In certain embodiments, the term "pharmaceutically acceptable" means that it is listed for use in animals, particularly humans, in a pharmacopeia or other generally known pharmacopoeia. The term "carrier " refers to a diluent, adjuvant, excipient, or vehicle to be administered with a compound of the present invention. Such pharmaceutical carriers may be liquids such as water and oils, including petroleum, animal, vegetable or synthetic oils such as peanut oil, soybean oil, mineral oil, sesame oil and the like. The pharmaceutical carrier may be saline, gum arabic, gelatin, starch paste, talc, keratin, colloidal silica, urea, and the like. Adjuvants, stabilizers, thickeners, lubricants and coloring agents may also be used. When administered to a patient, the pillrol compound and the pharmaceutically acceptable carrier are preferably sterile. When the compound of the present invention is administered intravenously, water is a preferred carrier. Particularly in the case of injection solutions, brine solutions and aqueous dextrose and glycerol solutions can be used as liquid carriers. Suitable pharmaceutical carriers also include starch, glucose, lactose, sucrose, gelatin, malt, rice, flour, chalk, silica gel, sodium stearate, glycerol monostearate, talc, sodium chloride, dried skimmed milk, glycerol, , Water, ethanol, and the like. The composition may also contain minor amounts of wetting or emulsifying agents, or pH buffering agents, if desired.
The cancer includes common cancer diseases and is preferably used for the treatment of gastric cancer, colon cancer, breast cancer, lung cancer, non-small cell lung cancer, bone cancer, pancreatic cancer, skin cancer, head or neck cancer, skin or intraocular melanoma, uterine cancer, Hodgkin's disease, esophageal cancer, small intestine cancer, endocrine cancer, thyroid cancer, pituitary cancer, adenocarcinoma, soft tissue sarcoma, urethral cancer, uterine cancer, uterine cancer, endometrial cancer, uterine cancer (CNS) tumors, primary CNS lymphoma, spinal cord tumors, brain tumors, lymph nodes, lymph nodes, kidney or ureteral cancers, renal cell carcinomas, renal pelvic carcinomas, Glioma, pituitary adenoma, and the like, and particularly includes all cancers caused by cancer cells having multidrug resistance to existing anticancer drugs.
The compositions of the present invention may be formulated into a variety of carriers and delivery systems. The amount of therapeutic compound administered and the concentration of the compound will depend on the vehicle or device selected, the clinical condition of the patient, side effects and the formulation stability of the compound. Thus, the physician will use the appropriate formulation containing the appropriate concentration of the therapeutic compound, and will select the dosage form according to clinical experience with the patient or similar patient in question.
In addition, excipients may be used in the formulation. Examples include co-solvents, surfactants, oils, wetting agents, emollients, preservatives, stabilizers and antioxidants. As a pharmaceutically acceptable buffer, for example, a tri or phosphate buffer may be used. Effective amounts of diluents, additives and excipients are amounts effective to obtain pharmaceutically acceptable formulations in terms of solubility, bioactivity, and the like.

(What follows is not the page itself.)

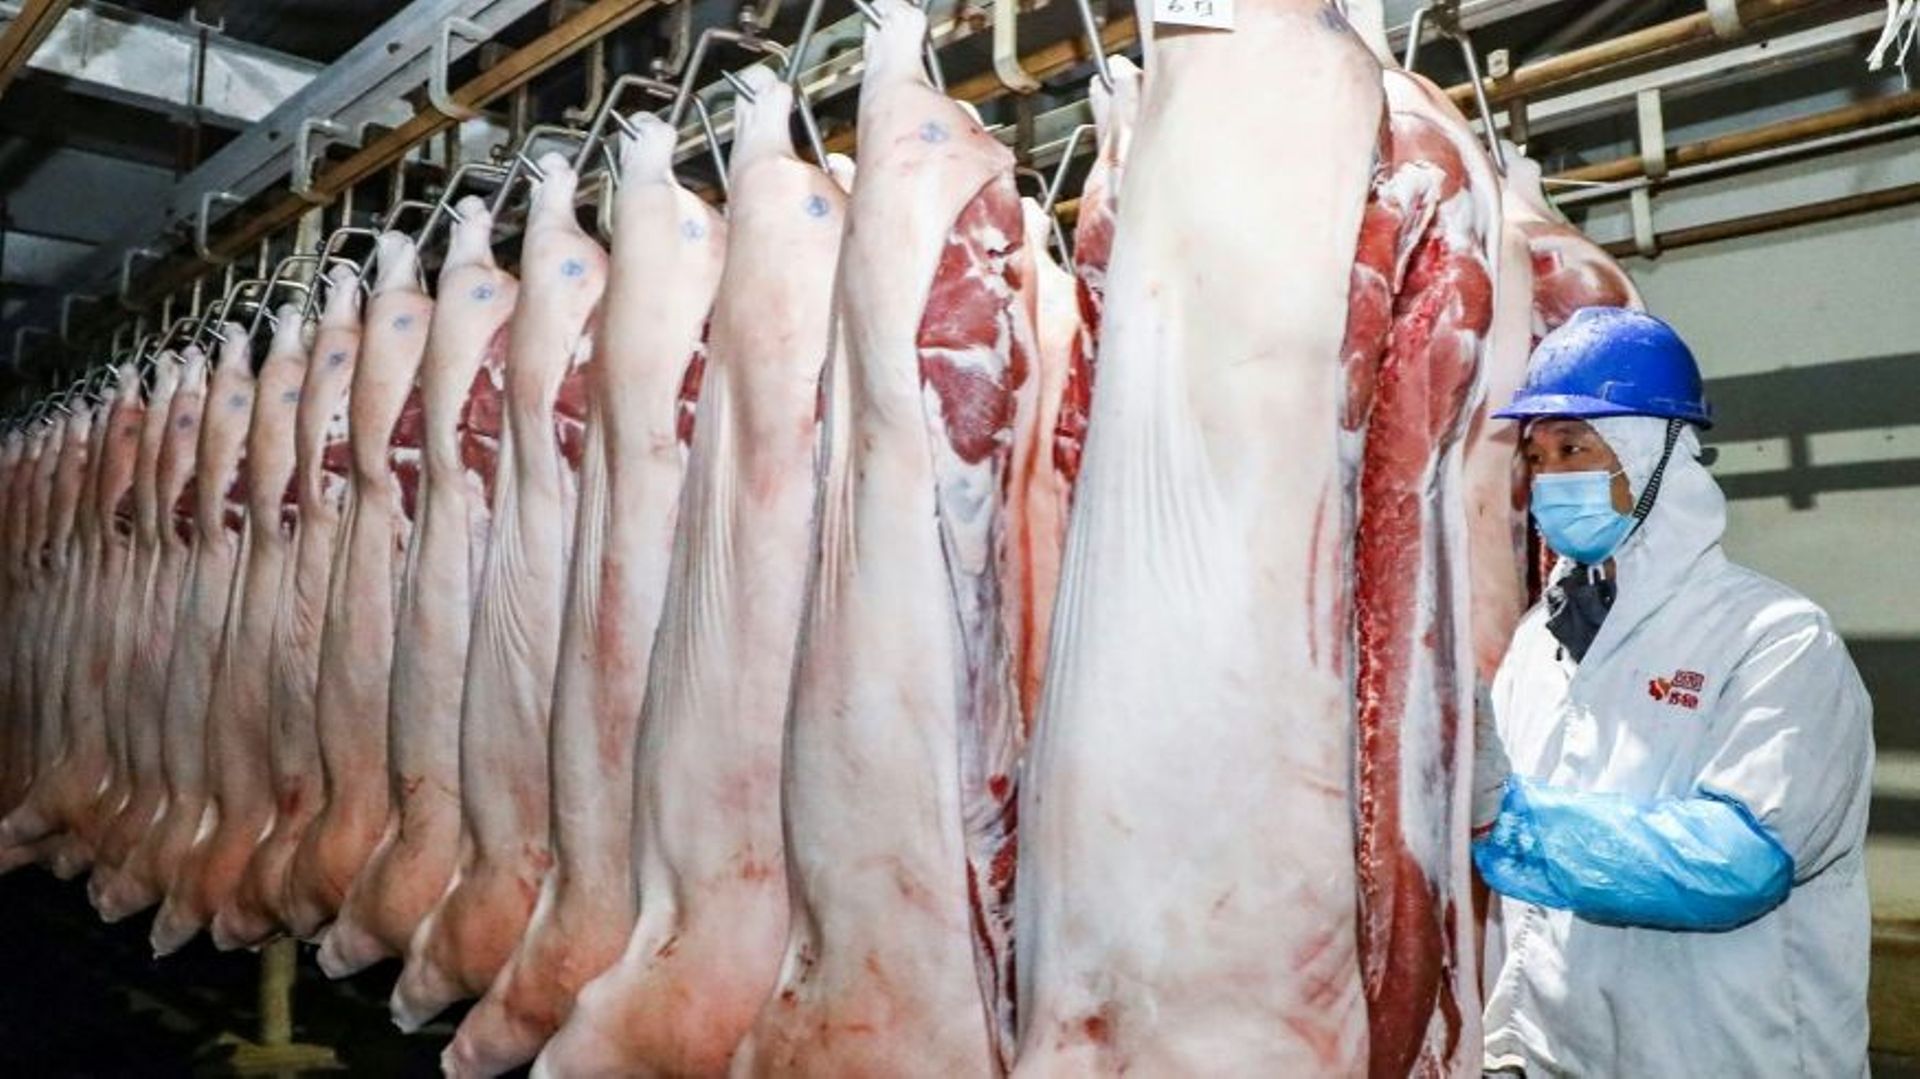 La Chine va puiser 200.000 tonnes de porc dans ses réserves nationales pour enrayer une flambée du prix de cette viande incontournable dans le pays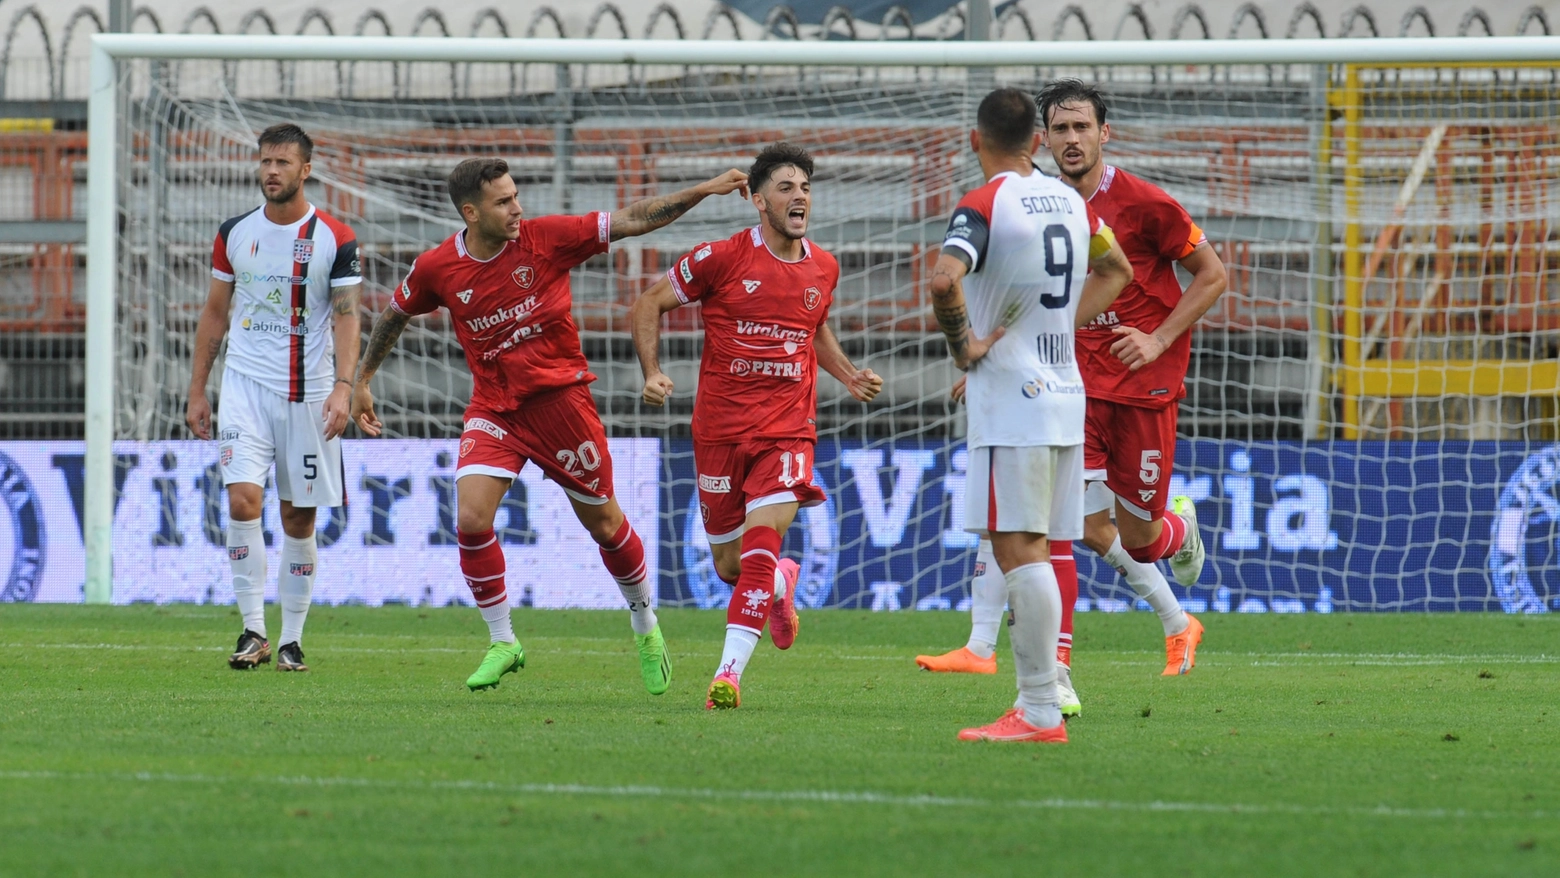 Perugia-Torres, esultanza dopo il gol di Seghetti (foto Crocchioni)

Thus, the compositions of the present invention include conventional, pharmaceutically acceptable vehicles for topical, oral or parenteral administration, and therapeutic compounds that can be formulated. The formulations may also contain minor amounts of adjuvants, such as buffers and preservatives, to maintain isotonicity, physiological and pH stability.
The compositions of the present invention may be administered to both human and animal subjects.
The compositions of the present invention may be administered in a composition wherein the active compound is intimately mixed with one or more inactive ingredients and optionally one or more additional active ingredients. The compositions can be used as any composition for human and animal administration known in the art.
The composition of the present invention may be administered according to a proper route depending on the dosage form. For example, the subject can be administered intravenously, intraarterially, subcutaneously, intramuscularly, and the like.
For oral administration, either solid or fluid unit dosage forms may be prepared. The aqueous form may be dissolved in an aqueous vehicle together with a sugar, an aromatic flavor and a preservative to produce a syrup. Elsys are prepared using suitable sweeteners such as aromatic flavors, sugars and saccharin, and hydro-alcoholic (e.g., ethanol) vehicles. Suspensions can be prepared using aqueous vehicles, such as acacia, tragacanth, methylcellulose, and the like. The synthetic compound of the present invention may be formulated with a stabilizing agent, for example, a metal chelator reducing agent such as ethylenediaminetetraacetic acid (EDTA), or a reducing agent such as sodium metabisulfite.
Suitable formulations for parenteral administration will be apparent to those skilled in the art. Generally, the therapeutic compound is prepared in aqueous solution at a concentration of about 1 to about 100 mg / mL. More typically, the concentration is about 10 to 60 mg / mL or about 20 mg / mL. Depending on the stability and efficacy of the compound selected for use, in some cases concentrations below 1 mg / mL may be necessary.
The effective dose of the active ingredient of the present invention will depend, at least, on the nature of the therapeutic condition, the toxicity, whether the compound is used prophylactically (with less dosage) or against an active cancer infection, the delivery method and the pharmaceutical formulation , Will be determined by the clinician using conventional dose escalation studies. The dose is generally from about 0.0001 to about 100 mg / kg body weight per day, generally from about 0.01 to about 10 mg / kg body weight per day, more usually from about 0.01 to about 5 mg / kg body weight per day, more usually from 1 Day to about 0.05 mg / kg body weight per day. For example, a daily dosage for an adult weighing about 70 kg will be from 1 mg to 1000 mg, preferably from 5 mg to 500 mg, and may be single or multiple dosage forms.
The sterile formulations are suitable for a variety of parenteral routes including intraperitoneal, intraarticular, intramuscular, intravascular, intravenous, inhalation and subcutaneous.
A slow or extended release delivery system comprising any of a number of biopolymers (bio-based systems), liposome systems and polymer delivery systems, such as dendrimers, can be utilized in the compositions herein to provide a continuous or long term source Can be provided. Such slow release systems are applicable for topical, ocular, oral and parenteral formulations.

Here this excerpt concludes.